Summary: We examined the effectiveness of coordinators’ interventions to prevent secondary fractures in patients with fragility fractures. These coordinator-based interventions improved bone density assessment implementation and treatment rates, and enhanced treatment persistence rates in the early stages following fractures.
Introduction: This study aimed to determine the efficiency of coordinator-based osteoporosis intervention in fragility fracture patients during a 2-year period.
Methods: A prospective intervention randomized control study was conducted at seven medical facilities from January 2015 to March 2017. Postmenopausal women and men over 50 years old with fragility fractures were randomly divided into the coordinator intervention (LI; 70 patients) and without intervention (non-LI; 71 patients) groups. The osteoporosis treatment rate, osteoporosis treatment persistence rate, fall rate, fracture incidence rate, and bone density measurement rate 3 months, 6 months, 1 year, and 2 years after registration were compared between the two groups. Non-parametric tests were used to analyze data at each inspection period.

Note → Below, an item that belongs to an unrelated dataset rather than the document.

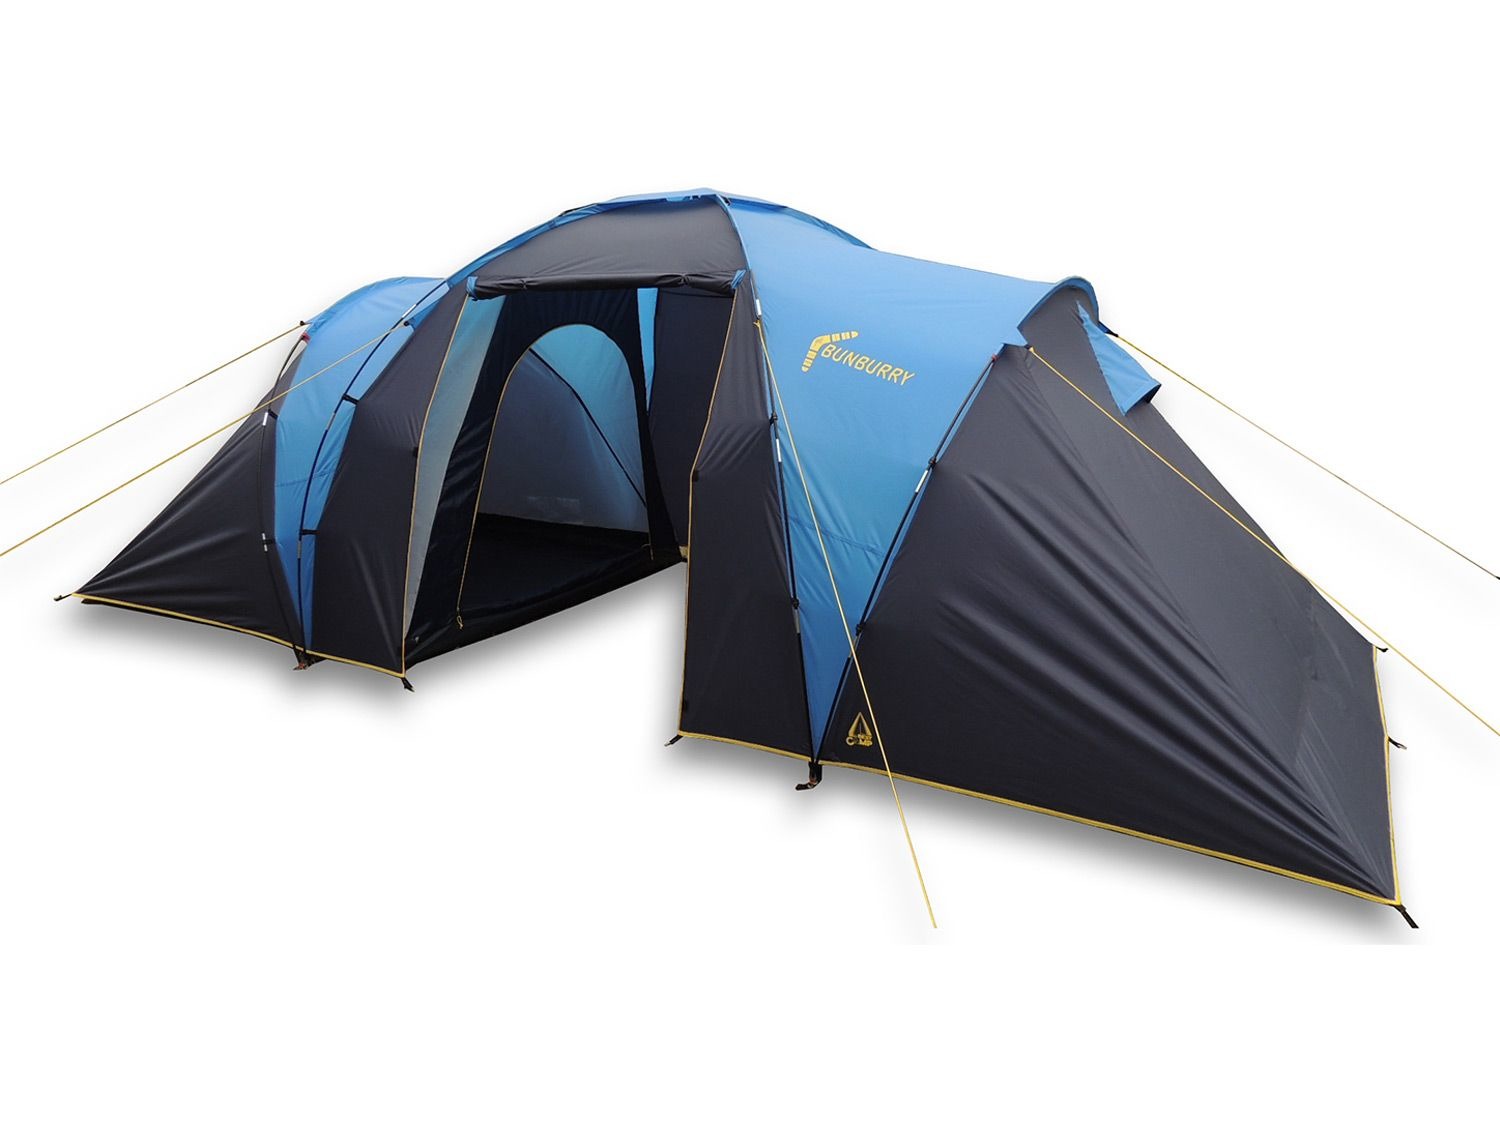 Best Camp 6-persoons tent online |

Results: The osteoporosis treatment initiation rate was significantly higher in the LI group than in the non-LI group (85.7% vs. 71.8%; p = 0.04). The LI group had significantly higher bone density assessment implementation rates than the non-LI group at the time of registration (90.0% vs. 69.0%; p = 0.00) and 6 months after registration (50.0% vs. 29.6%; p = 0.01), but not 1 or 2 years after registration. In addition, no significant differences in fall or fracture incidence rates were found between the two groups.

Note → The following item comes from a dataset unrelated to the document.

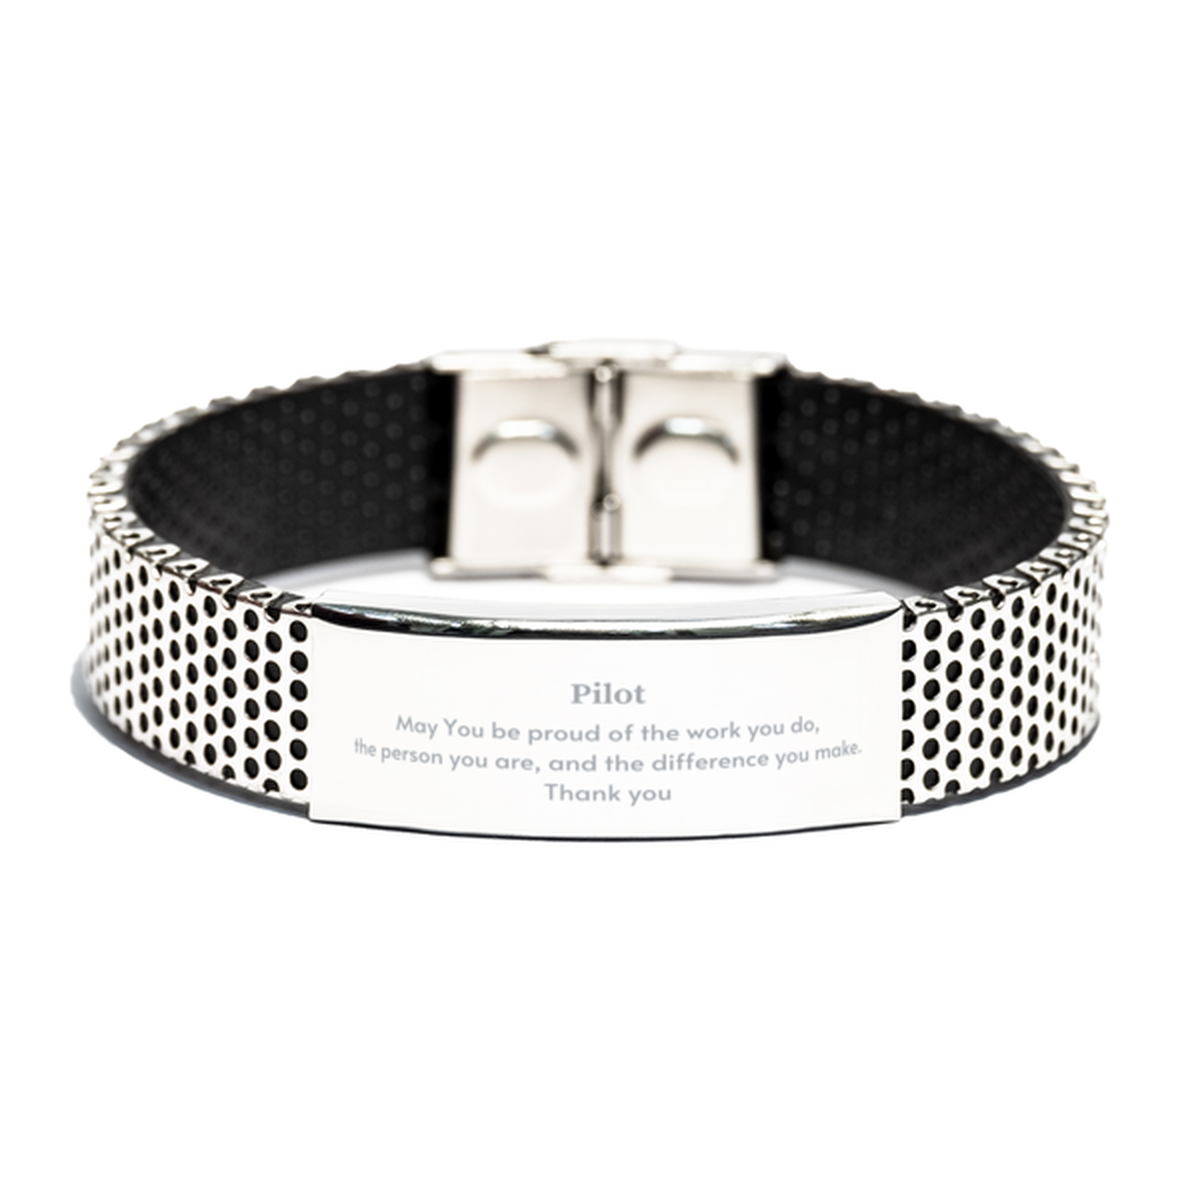 Heartwarming Stainless Steel Bracelet Retirement Coworkers Gifts for Pilot, Pilot May You be proud of the work you do, the person you are Gifts for Boss Men Women Friends

Conclusion: The coordinator-based interventions for fragility fractures improved bone density assessment implementation and treatment rates and enhanced treatment persistence rates in the early stages following bone fractures. The findings suggest that liaison intervention may help both fracture and osteoporosis physicians for the evaluation of osteoporosis and initiation and continuation of osteoporosis medication.